Saturday, September 19, 2009

Death Is Destiny

As the reader begins the Handbook of Epictetus he is immersed in a world of knowledge which changes his perception about human destiny and anger. In the first section, Epictetus classifies life factors into those that are out of human control like disease, death and reputation, and those that can be controlled through a person’s actions like opinions and aversions. According to Epictetus, you will be miserable and lost if you “think that things naturally enslaved are free or that things not your own are your own” (11). This means that you have be able to know which things you can control and which things you can’t, a similar statement to that of the serenity prayer we repeatedly found in Slaughterhouse Five. The acceptance of this conclusion will lead a human being into a world of limits, by which he will be self-guided to understanding his life as dependant on the events that happen in his life, his perception of them, and roads taken on his arduous quest of his own unique and personal destiny.

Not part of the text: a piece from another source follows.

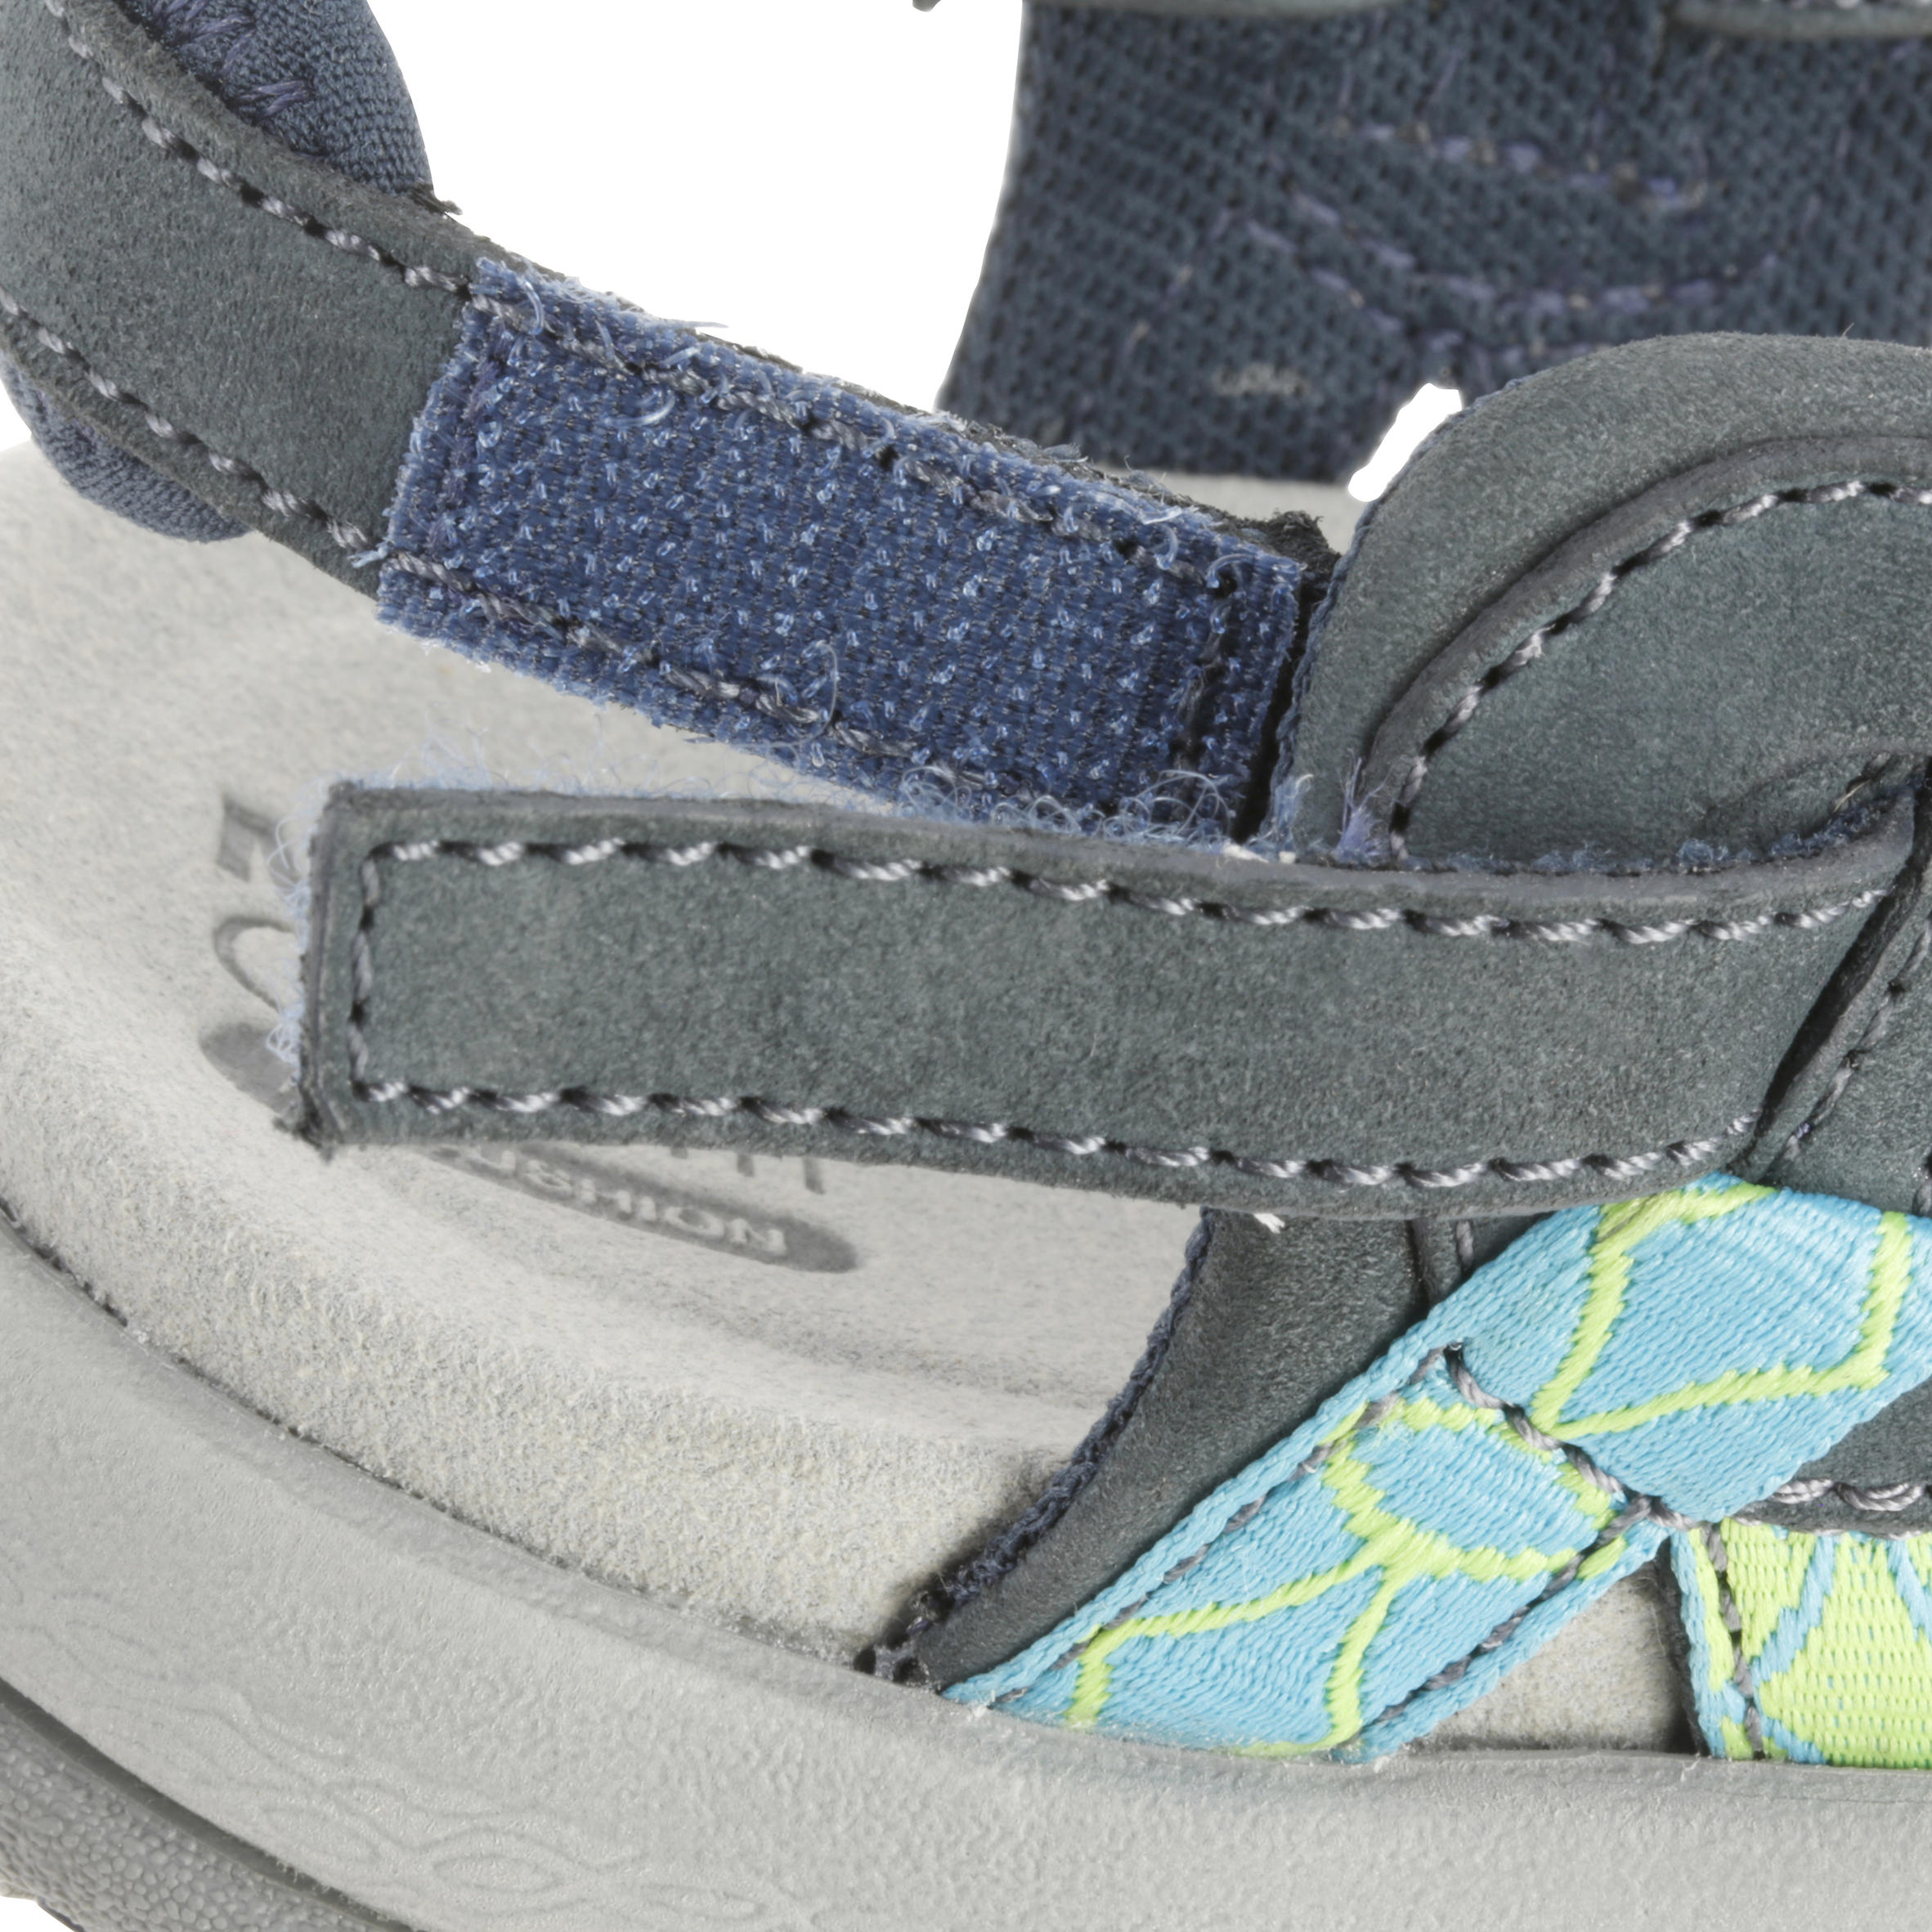 Jacardia Women's Hiking Sandals with Good Grip - Grey 11/14

The ideas, conclusions and life models you favor and those you are against, of are will determine who you are and what you’ll do. You also have to be able to determine which of these you can control and which life factors such as death can help you be wiser on how you choose to spend your time on the planet. In order to create a path in the right direction, you have to “detach your aversion from everything not up to us, and transfer it to what is against nature among the things that are up to us” (12). In order to accept death as your ineludible last step in the life cycle, you have to take it off the list of things you are against and help “death” keep your decisions in perspective. Death not as the destructor of life but as the final teaching ingredient of life.

In the Handbook of Epictetus, you are also confronted with the deceit of human judgment. As you begin to open your soul to the new input on death as part of life, Epictetus bombards you by saying, “death is nothing dreadful […] but instead the judgment about death that it is dreadful” (13). We have arrived at what I thought was Epictetus’ main point, humans build up opinions on judgments of opinions, on and on endlessly over time and in the end, they mistakenly accept these misleading conclusions as the truth. They become facts that become the basis of a human life’s, the race to escape death and suffering, but in the end if you are not able to accept death and suffering, you will not have fully lived.